Suddenly he felt deeply sorry for Fanta, because wasn’t it, if not his fault exactly, at least his doing, that the ambitious Fanta of the winged ankles no longer flew over the reddish muddy streets of Colobane, she who, though still poor, certainly, and held back by many constraints at home but, in spite of all, on her way at the lycée as a full-fledged French literature teacher, wasn’t it his doing, with his lovesick gaze, tanned features, fair hair (a lock of which always kept falling over his eyes), his fine words and serious manner, his promise of a comfortable, intellectual, altogether elevated and attractive way of life, wasn’t it his doing that she’d given up her neighborhood, her town, her homeland (so dry, red, and very hot) to end up unemployed (he should have known that she wouldn’t be allowed to teach French literature here, he ought to have made inquiries and found out what the deal was and what the consequences would be for her) out in a quiet provincial region, dragging her leaden feet through a house a little better, to be sure, than the one she’d left but that she’d refused to grace with a moment’s thought, effort, or scrutiny (she whom he’d seen so patiently, methodically sweeping the rundown two-room apartment with sea-green walls she shared in Colobane with an uncle, an aunt, and several cousins, so patiently, methodically!): if it wasn’t his fault, wasn’t it his doing, Rudy Descas’s, if she seemed trapped and lost in the icy mists of a perpetual, monotonous dream?
He, with his tanned face, the tremendously persuasive force of his wooing, his suave manners, and the unusual splendor attributed over there to his blondness, that particularly striking quality …
“Don’t you want to know why I’m calling?” he asked at last.
“Not really,” she said after a moment, her voice no longer imbued with the listless utter disillusionment that had moved him, but now with something that was almost the opposite, the controlled, metallic, perfect mastery of her French accent.
“I’d like you to tell me why we had an argument this morning.

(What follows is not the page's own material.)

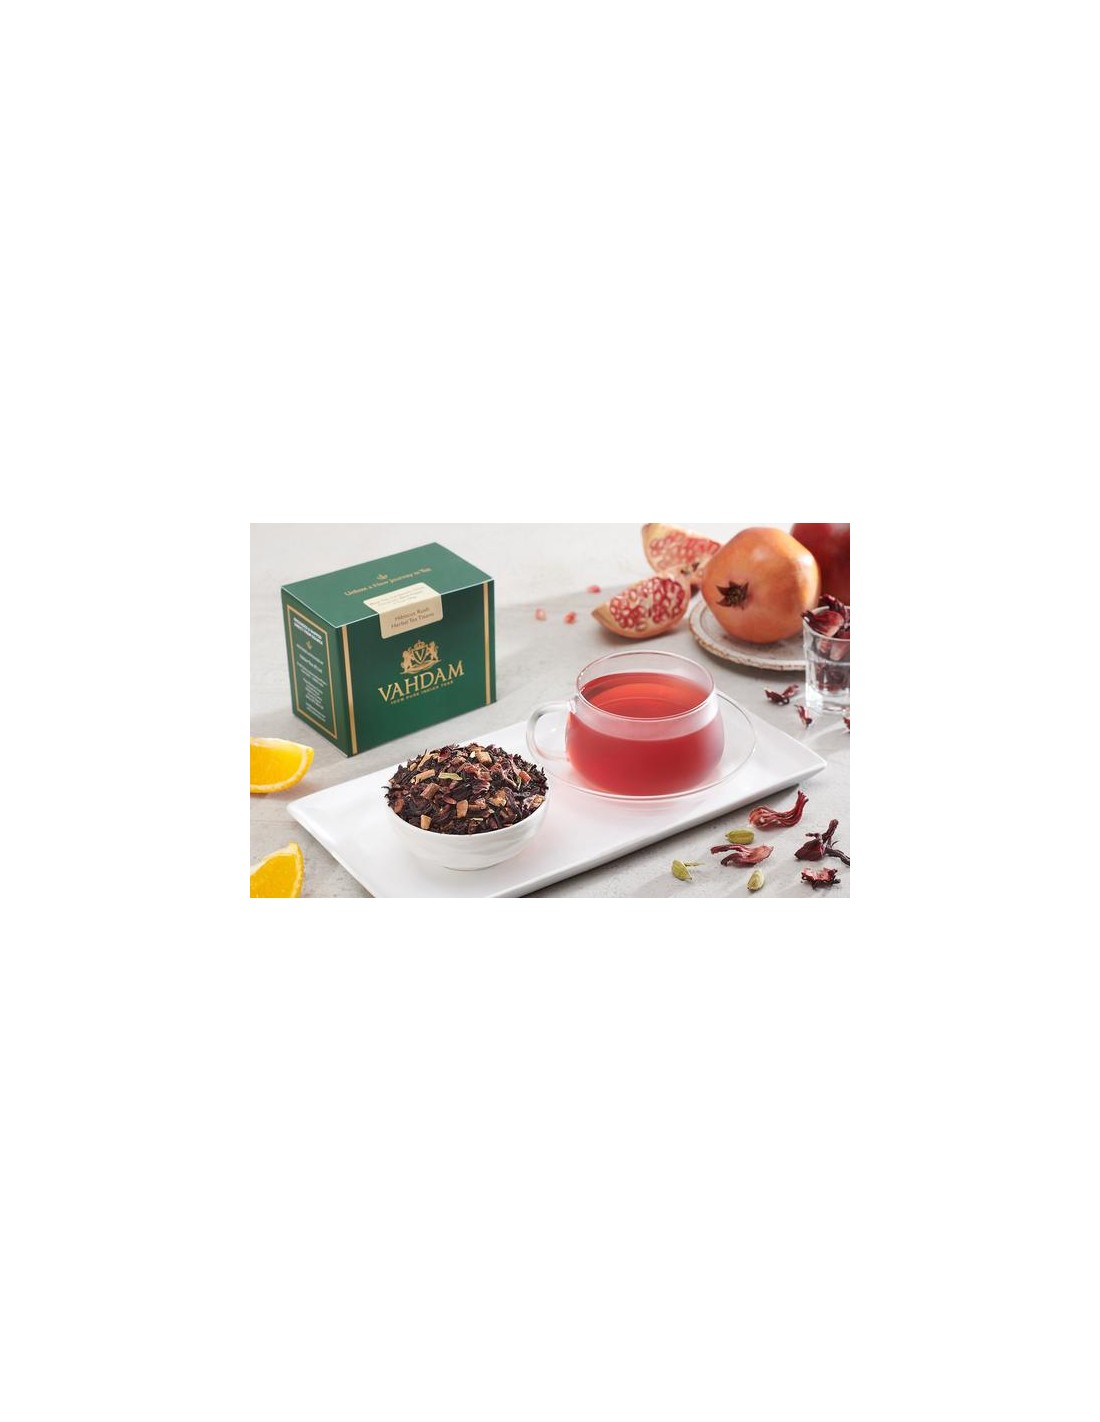 Hibiskus Rush Herbal Tea - Republika Smaków Sp. z o.o.

Listen, I don’t know what started that off, all that …”
That particularly striking quality of his, he recalled in the ensuing silence, a weakly panting silence that sounded as if he were phoning a far-off country with rudimentary communications, his words needing all these slow seconds to arrive, though it was only the echo of Fanta’s anxious breathing as she pondered the best way of answering his question so as to safeguard he knew not what — he dared not imagine — future interests she might have (a bubble of anger suddenly exploded in his head: what possible future could she envisage that didn’t include him?), yes, he recalled, as he let his eyes wander over the green vines with their tiny bright green grapes, over the green oaks beyond them that the property’s new owners, those Americans or Australians (who fascinated and upset Mummy because she believed the vineyard should have stayed in French hands), had pruned so savagely until the trees looked humiliated, punished for daring to let their shiny, unfading foliage grow so dense as to partially conceal the once grayish, now blond and fresh stonework of what was, after all, only a large house, though of the kind on which people in these parts bestowed the respectful name of “chateau,” yes, that particularly striking impression that his own blondness, his own freshness, made over there …
“I don’t know,” Fanta said in a low, cold voice.
But he was convinced that she was only answering in the least compromising manner possible, and that to minimize the chance of committing herself to anything involving him in any way, be it by the merest exchange of words, had become the sole criterion of her frankness.